This is a classic Chinese Remainder Theorem. We know that $\begin{align*} n &\equiv 2\pmod{5}\\ n &\equiv 1\pmod{6}. \end{align*}$ By the Chinese Remainder Theorem, there is a unique number $n$ modulo $30=5\times 6$ that satisfies both equations.
We can compute it directly: $n=5q+2$ since it leaves a remainder of $2$ when divided by $5$. That means that we must have $5q+2\equiv1\pmod{6}$, which means $5q\equiv -1\equiv 5\pmod{6}$, hence $q\equiv 1\pmod{6}$. So $n=5q+2 = 5(6k+1)+2 = 30k+5+2 = 30k+7$. That is, the solution is $n\equiv 7\pmod{30}$.
Since the number must be between $20$ and $50$, the number is $37$. When divided among $7$ children, she will have $2$ candles left over.
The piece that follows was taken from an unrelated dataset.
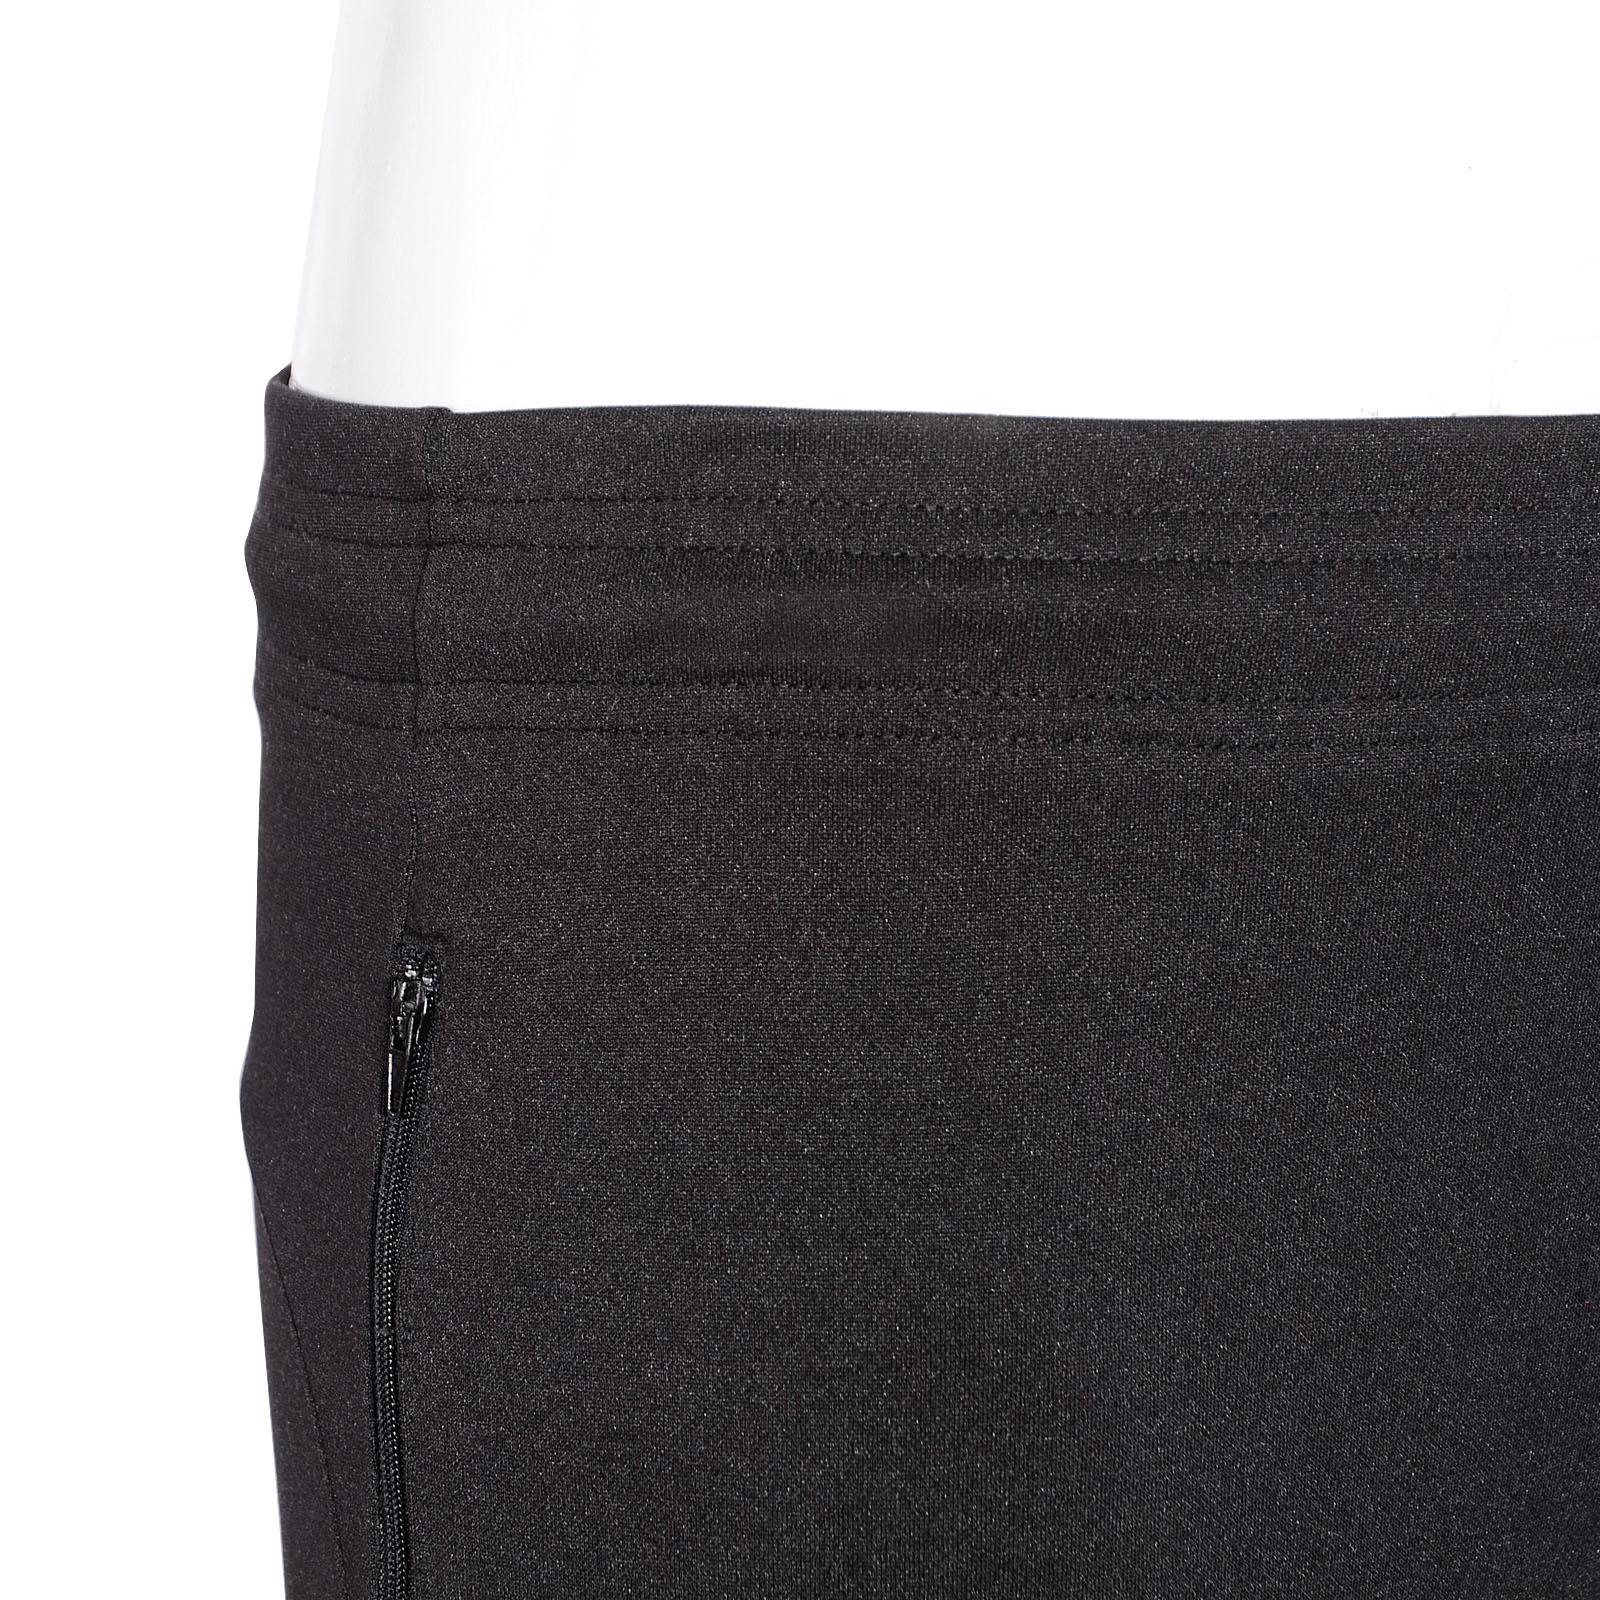 homme collant course pantalon serre exercice leggings. Black Bedroom Furniture Sets. Home Design Ideas

If you must avoid congruences (really, you are only avoiding them explicitly, shoving them "under the carpet"), $n$ must be of the form $6k+1$. We can rewrite this as $n=6k+1 = 5k + (k+1)$. Since, when $n$ is divided by $5$ the remainder is $2$, that means that when we divide $k+1$ by $5$ the remainder is $2$. Therefore, the remainder when dividing $k$ by $5$ must be $1$ (so that the remainder of $k+1$ will be $1+1=2$), so $k=5r+1$. So $n=6k+1 = 6(5r+1)+1 = 30r+7$, and we are back in what we had above.